Neben der Stallpflicht für Geflügel, die viele unserer europäischen Nachbarn nicht für notwendig erachten, gibt es sinnvolle Maßnahmen gegen die Vogelgrippe: Einfuhrverbote für lebende und tote Tiere sowie alle aus Tieren hergestellten Produkte aus gefährdeten Gebieten sowie Schutzmaßnahmen für Reisende. Wer über einen russischen oder asiatischen Geflügelmarkt in gefährdetem Gebiet geht, sollte nicht am Tag darauf mit den selben Schuhen einen deutschen Hühnerstall betreten. Was die seltene Übertragung der H5N1-Virus von Vogel zu Mensch anbelangt, ist davon auszugehen, dass dies nicht allein durch „engen Kontakt“ geschieht, sondern vor allem durch den Verzehr von infizierten Tieren. Neben diesen Maßnahmen findet ein „Wildvogelmonitoring“ statt: wie sinnvoll und aussagekräftig es ist, aus Hunderttausenden von Zugvögeln einige Hundert herauszuschießen und auf Vogelgrippeviren zu untersuchen, sei dahingestellt.

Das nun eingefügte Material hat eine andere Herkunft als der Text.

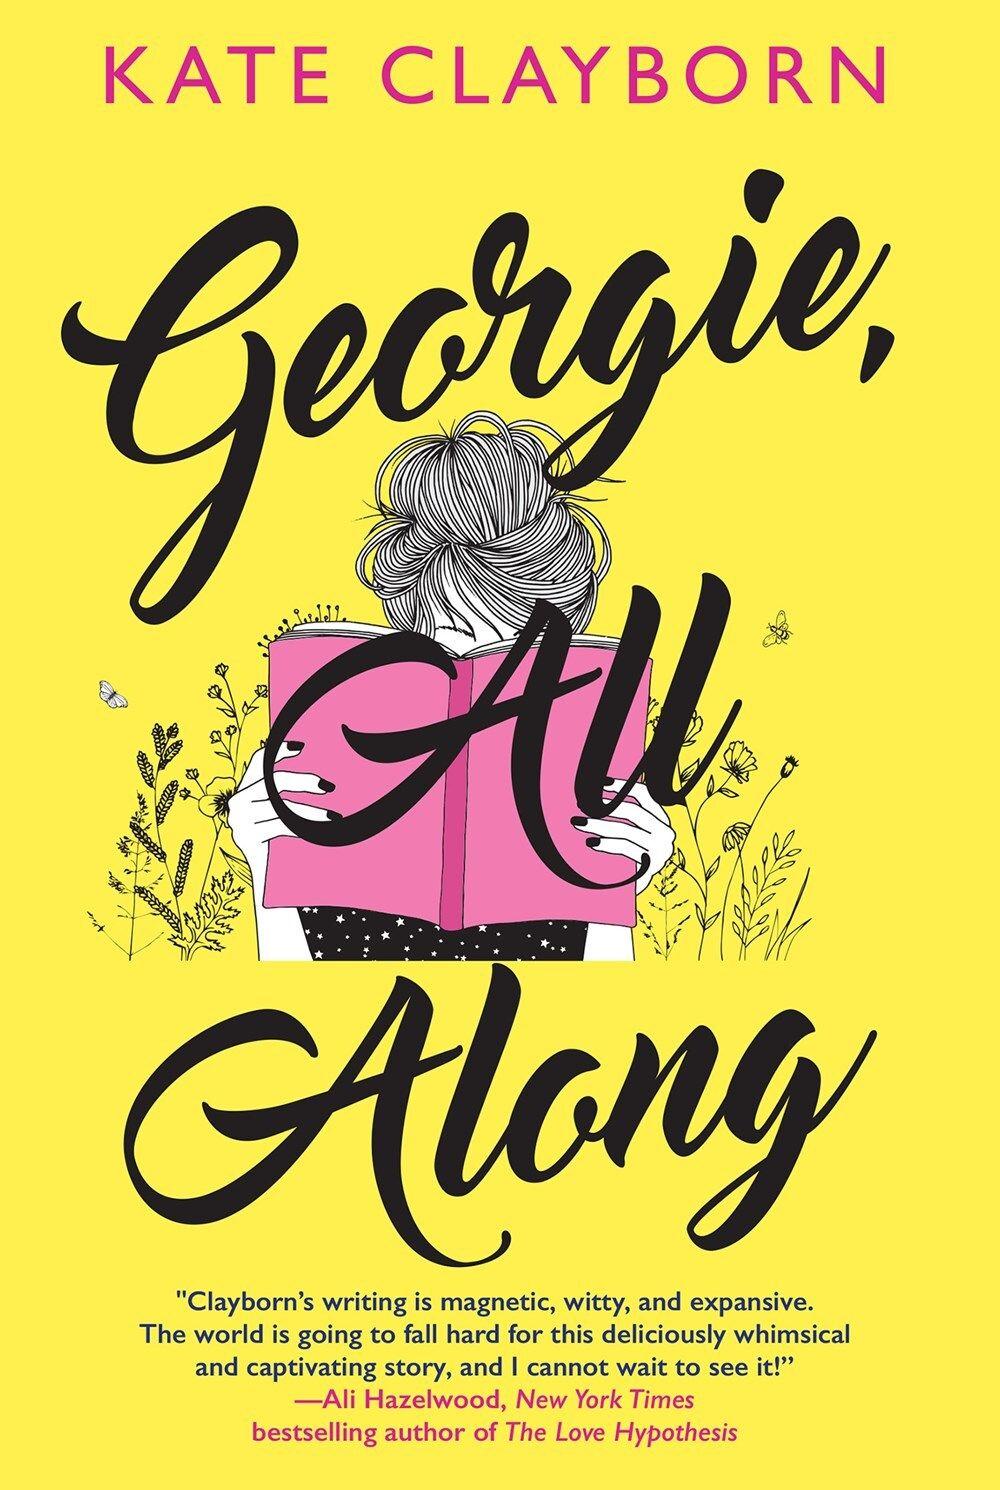 Georgie, All Along is the newest novel by author Kate Clayborn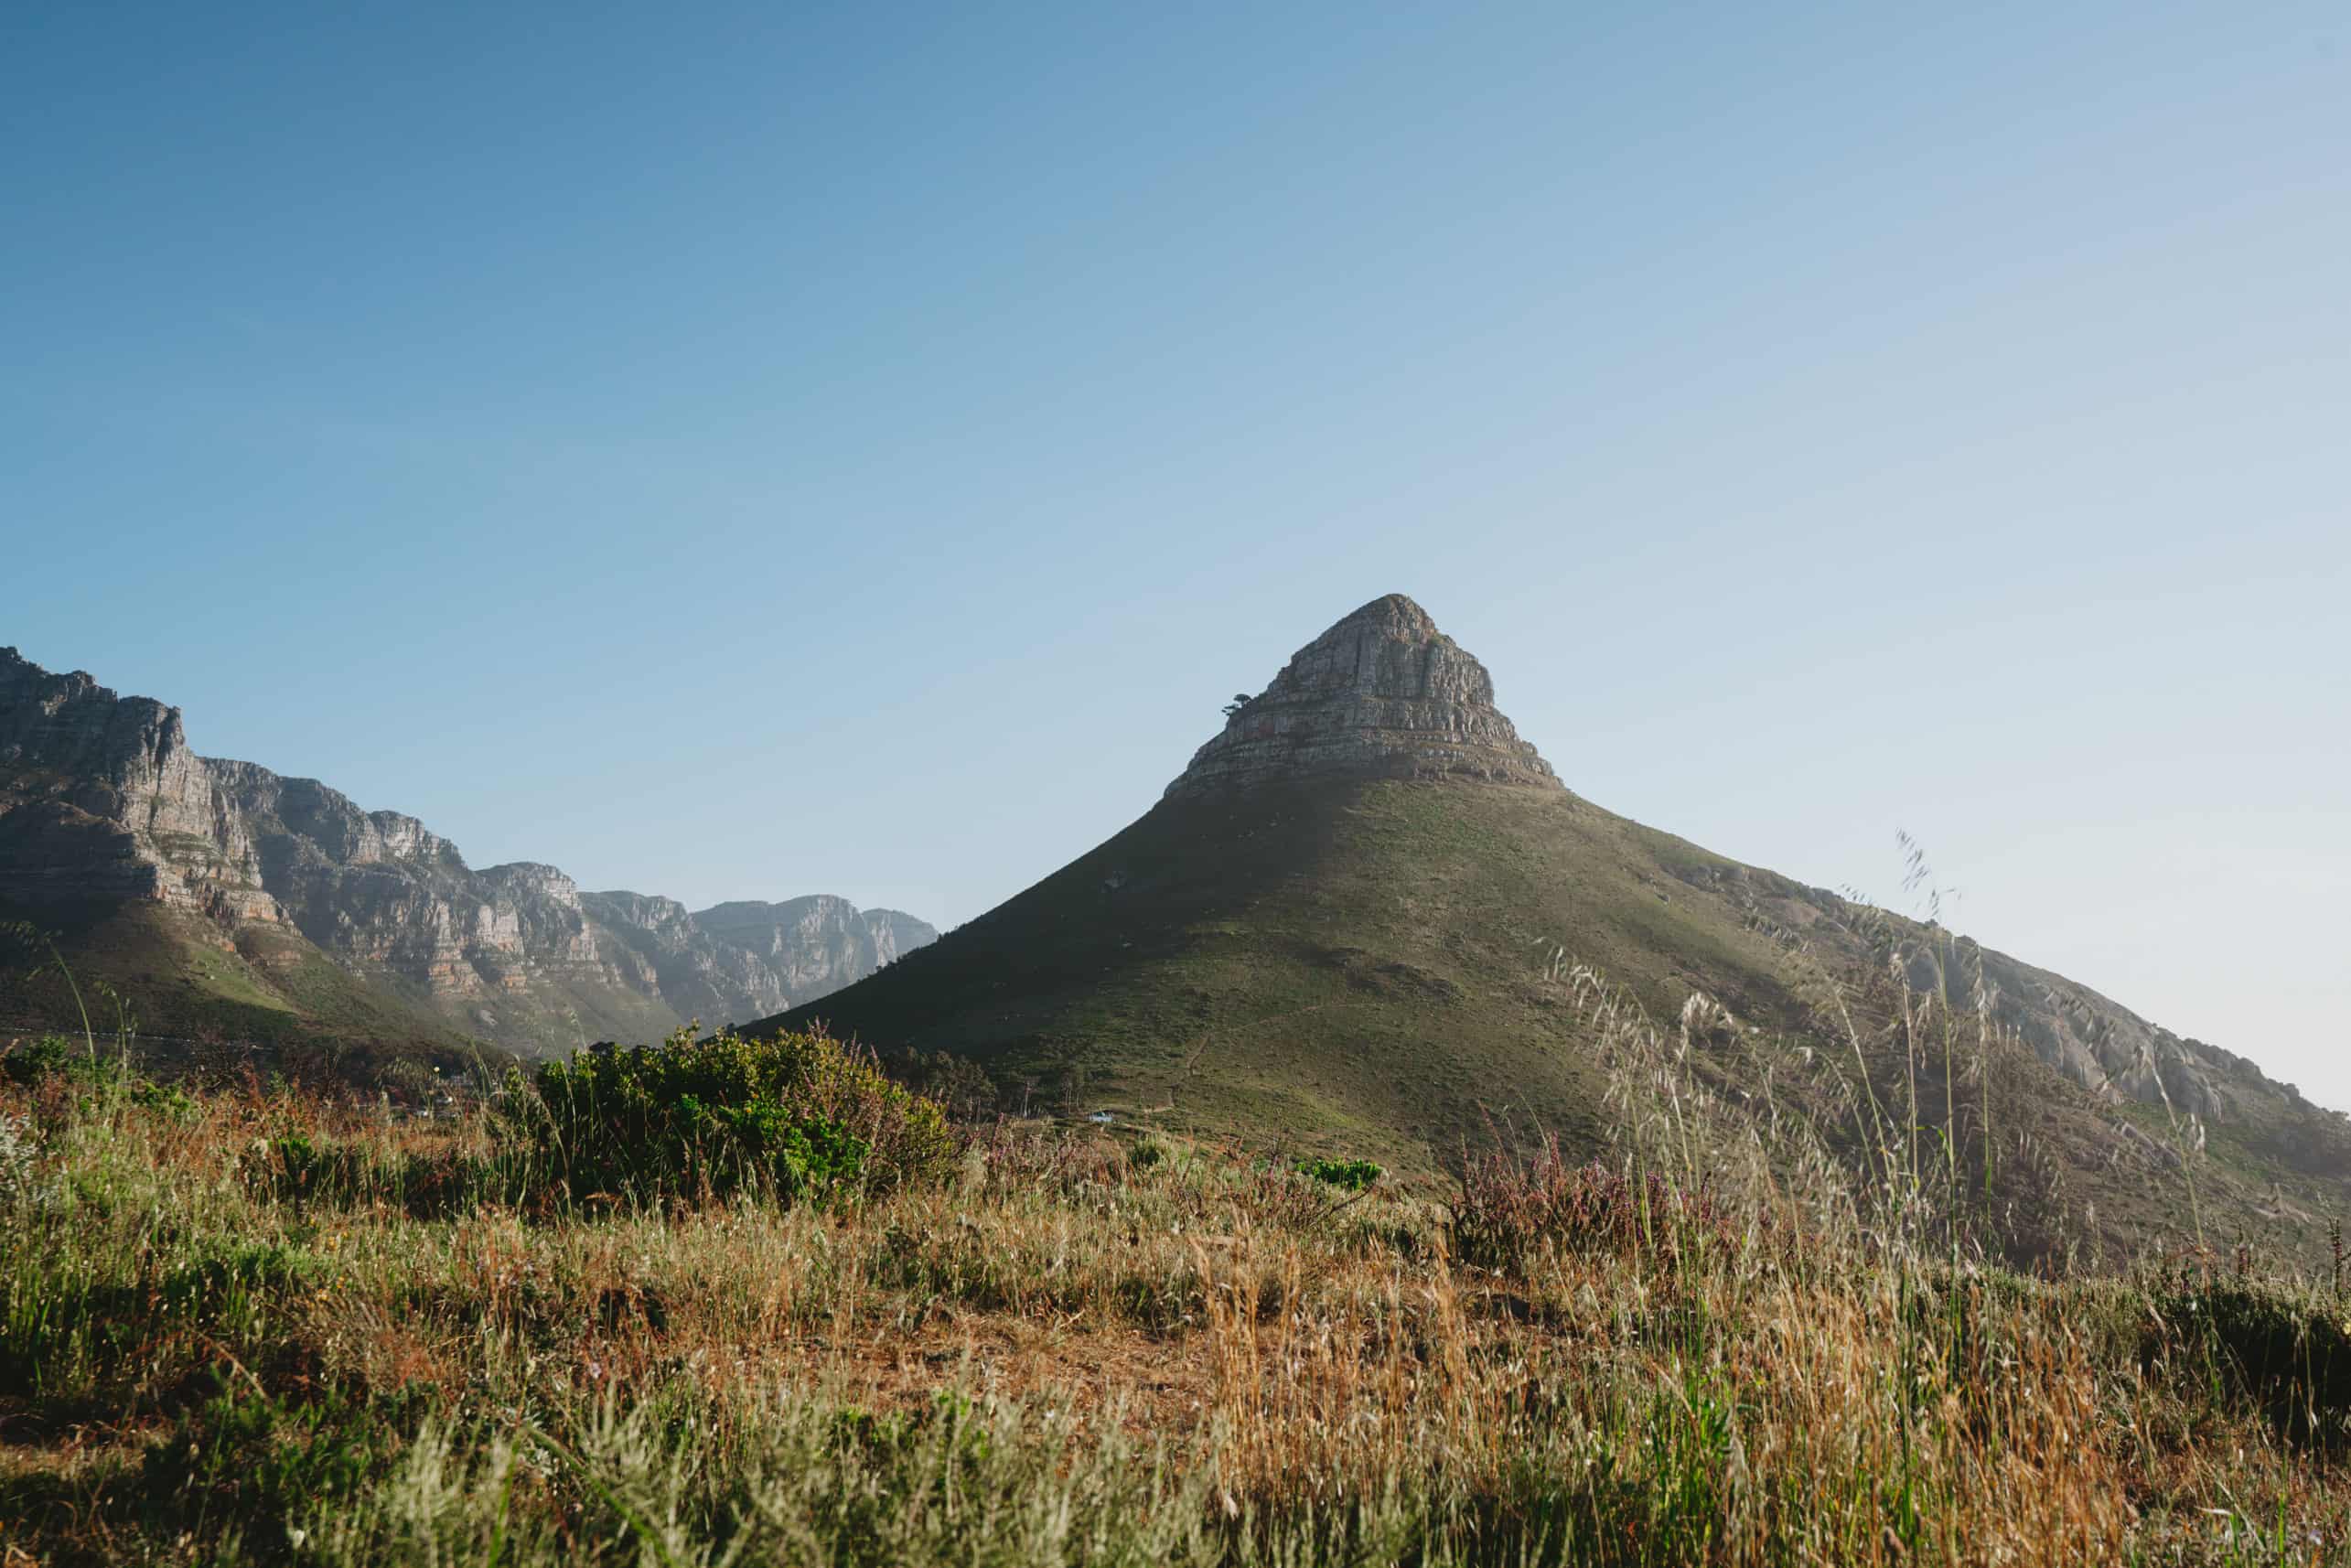 A scenic mountain range in Cape Town, South Africa, with lush grass and bushes in the background.

Als mögliche Überträger spielen nur wilde Gänse und Enten aus gefährdeten Gebieten überhaupt eine Rolle, für viele Vogelarten wie z.B. Tauben ist H5N1 offensichtlich keine Gefahr, sie selbst scheiden damit auch als Überträger aus.

Um aus eventuellen Verdachtsfällen resultierende Massentötungen und das daraus resultierende wirtschaftliche Fiasko abzuwenden, hat der Bauernverband gefordert, Geflügel zukünftig gegen die Vogelgrippe impfen zu dürfen. Doch was sich im ersten Moment logisch und tierfreundlich anhört, ist noch reine Utopie. Gegen H5N1 ist zurzeit noch kein Kraut gewachsen: es gibt keinen wirklich passenden Impfstoff. Und wenn Impfstoff, dann müsste es außerdem noch einer sein, der es ermöglicht, geimpfte Tiere von infizierten Tieren zu unterscheiden, damit nicht aus Versehen infizierte Tiere zu Lebensmitteln verarbeitet werden, die wiederum hochinfektiös für Menschen sein könnten. Impfstoff ist Zukunftsmusik, an der Forscher momentan arbeiten. Einfacher als die Herstellung eines Impfstoffes wäre sicherlich, schlicht kein Geflügel und keine Eier mehr zu essen. Und ohne Geflügel keine Vogelgrippe. Fertig.